Adaptive RAG implementation using LangGraph

Introduction

Retrieval-Augmented Generation (RAG) is a technique used to create large language models (LLMs) with flexible and dynamic knowledge. For example:

If you want to create an AI chatbot that answers questions about your service, you could use fine-tuning
However, fine-tuning isn't always the best option
RAG provides an alternative by leveraging your vector database to make LLMs respond precisely to your queries

Today, we'll explore an advanced RAG technique called Adaptive RAG. By using flow engineering, we can create LLMs capable of handling complex prompts while ensuring efficiency.

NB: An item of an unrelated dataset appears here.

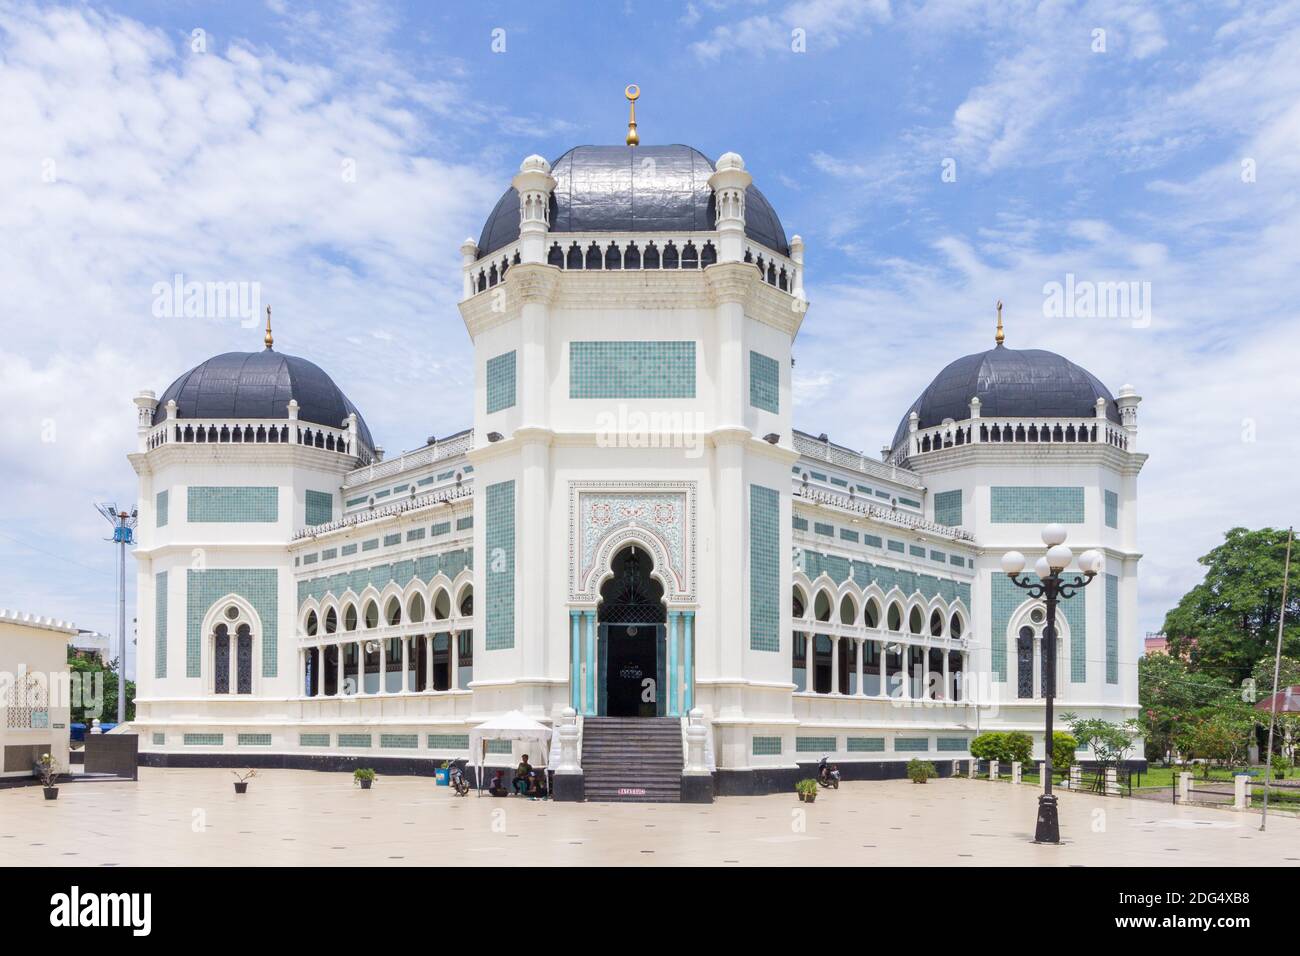 The Grand Mosque of Medan in Sumatra, Indonesia Stock Photo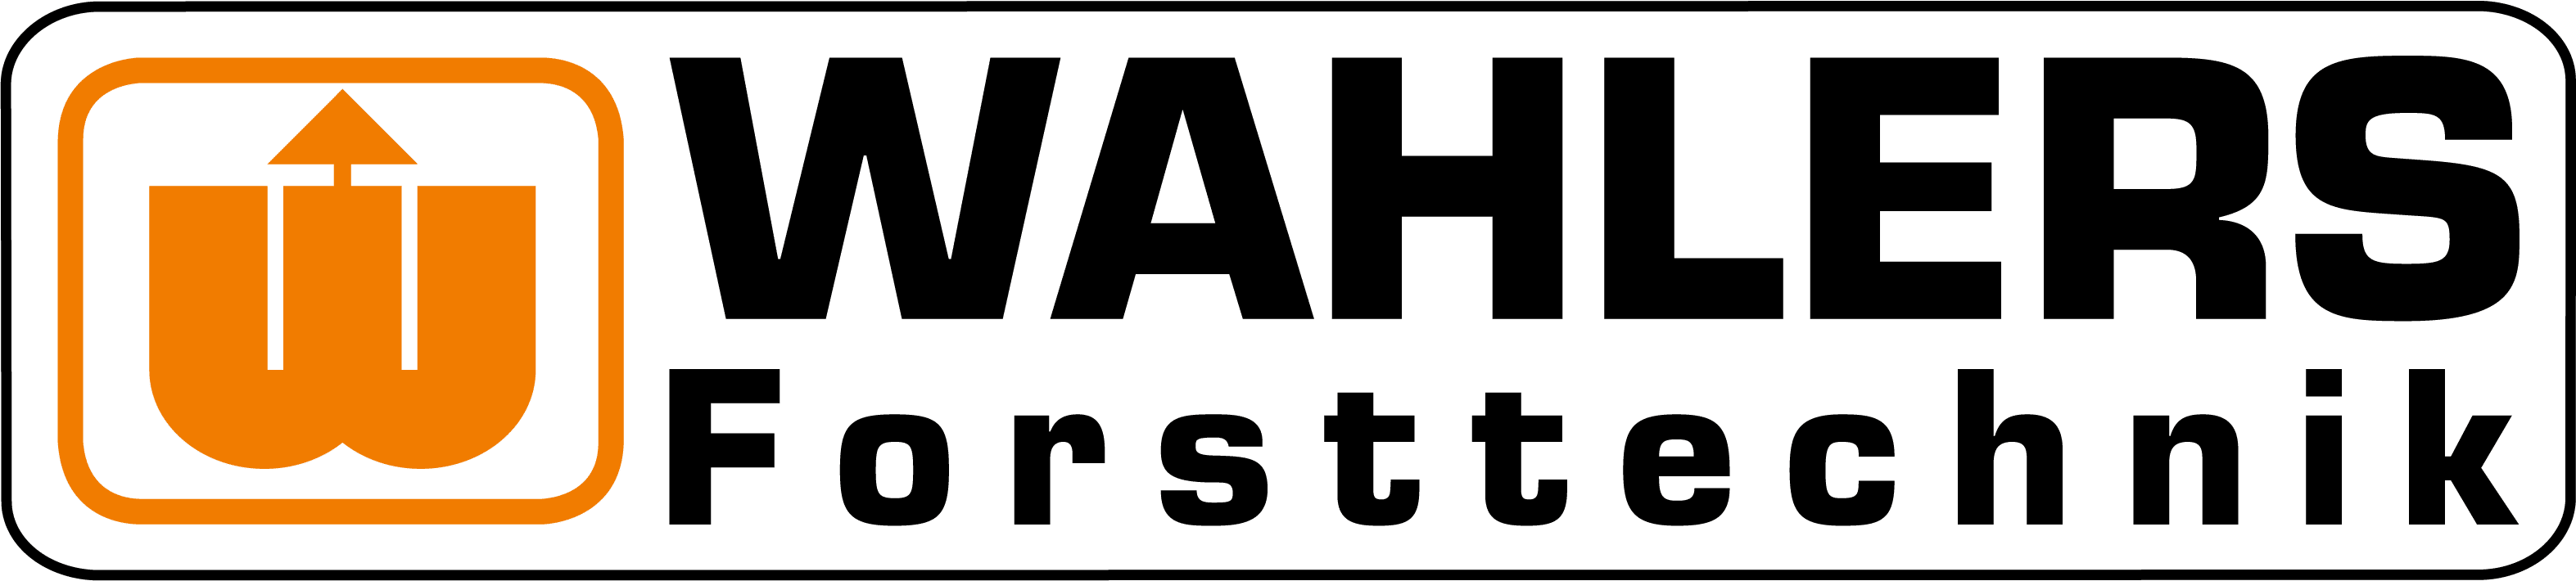 Wahlers Forsttechnik Elektromechanik KG | Logo | Kundenreferenz

Note: This article is based on LangChain's implementation of Adaptive RAG using LangGraph. For more details, read the original Adaptive RAG paper.

Overview

Definition

According to the paper, Adaptive-RAG is an adaptive question answering framework that dynamically adapts its strategy based on query complexity:

No retrieval for the simplest queries
Single-step retrieval for moderate complexity
Multi-step retrieval for the most complex queries

The authors introduced a complexity classifier that categorizes prompts and uses different processes for each category. The performance gains are significant:

[Performance comparison chart placeholder]

Advantages

Improved Efficiency and Accuracy: Chatbots become both faster and more accurate
Scalability and Flexibility: Handles a wider range of queries effectively

Implementation Flowchart

We can implement Adaptive RAG using a classifier-based approach:

[User Query] → [Query Analysis] → 
    ├─[Simple] → [Direct Answer]
    ├─[Moderate] → [Single Retrieval] → [LLM Generation]
    └─[Complex] → [Multi-Step Retrieval] → [LLM Generation]

Key components:

Query Analysis (Classifier): Routes prompts to appropriate processes
Flexible Routing:
- Use RAG for domain-specific queries
- Use web search (e.g., Wikipedia) for general knowledge
- Different LLMs can be assigned per route

Practical Implementation

Classifier Example

from typing import Literal
from langchain_core.pydantic_v1 import BaseModel, Field
from langchain_core.prompts import ChatPromptTemplate
from langchain_groq import ChatGroq

class RouteQuery(BaseModel):
    """Route a user query to the most relevant data source."""
    datasource: Literal["vectorstore", "web_search"] = Field(
        ..., description="Given a user question choose to route it to web search or vectorstore."
    )

llm = ChatGroq(model="llama3-70b-8192", temperature=0, api_key=os.environ["GROQ_API_KEY"])
structured_llm_router = llm.with_structured_output(RouteQuery)

system = """You are an expert at routing user questions to a vectorstore or web search.
The vectorstore contains information about gym exercises and routines.
Use the vectorstore for questions on these topics. Otherwise, use web-search."""

route_prompt = ChatPromptTemplate.from_messages(
    [
        ("system", system),
        ("human", "{question}"),
    ]
)

question_router = route_prompt | structured_llm_router

LangGraph Control Flow

from langgraph.graph import END, StateGraph

workflow = StateGraph(GraphState)

# Define nodes
workflow.add_node("translation", translate)  # translate to document language
workflow.add_node("translation_back", translate_back)  # translate back
workflow.add_node("detect_language", detect_language)
workflow.add_node("web_search", web_search)
workflow.add_node("retrieve", retrieve)
workflow.add_node("grade_documents", grade_documents)
workflow.add_node("generate", generate)

# Build graph
workflow.set_conditional_entry_point(
    route_question,
    {
        "web_search": "web_search",
        "vectorstore": "detect_language",
    },
)

# Add edges
workflow.add_edge("web_search", "generate")
workflow.add_edge("retrieve", "grade_documents")
workflow.add_edge("detect_language", "translation")
workflow.add_edge("translation", "retrieve")

# Conditional edges
workflow.add_conditional_edges(
    "grade_documents",
    decide_to_generate,
    {
        "web_search": "web_search",
        "generate": "generate",
    },
)

workflow.add_conditional_edges(
    "generate",
    grade_generation_v_documents_and_question,
    {
        "not supported": "generate",
        "useful": "translation_back",
        "not useful": "web_search",
    },
)

workflow.add_edge("translation_back", END)

# Compile
app = workflow.compile()

See the full implementation notebook for complete details.

Conclusion

Adaptive RAG provides significant benefits:

Dynamic retrieval based on query complexity
Optimized performance through intelligent routing
Scalable architecture using LangGraph

This approach enables sophisticated AI systems that can handle diverse query types while maintaining efficiency. The combination of classification and conditional workflows makes Adaptive RAG a powerful pattern for production-grade LLM applications.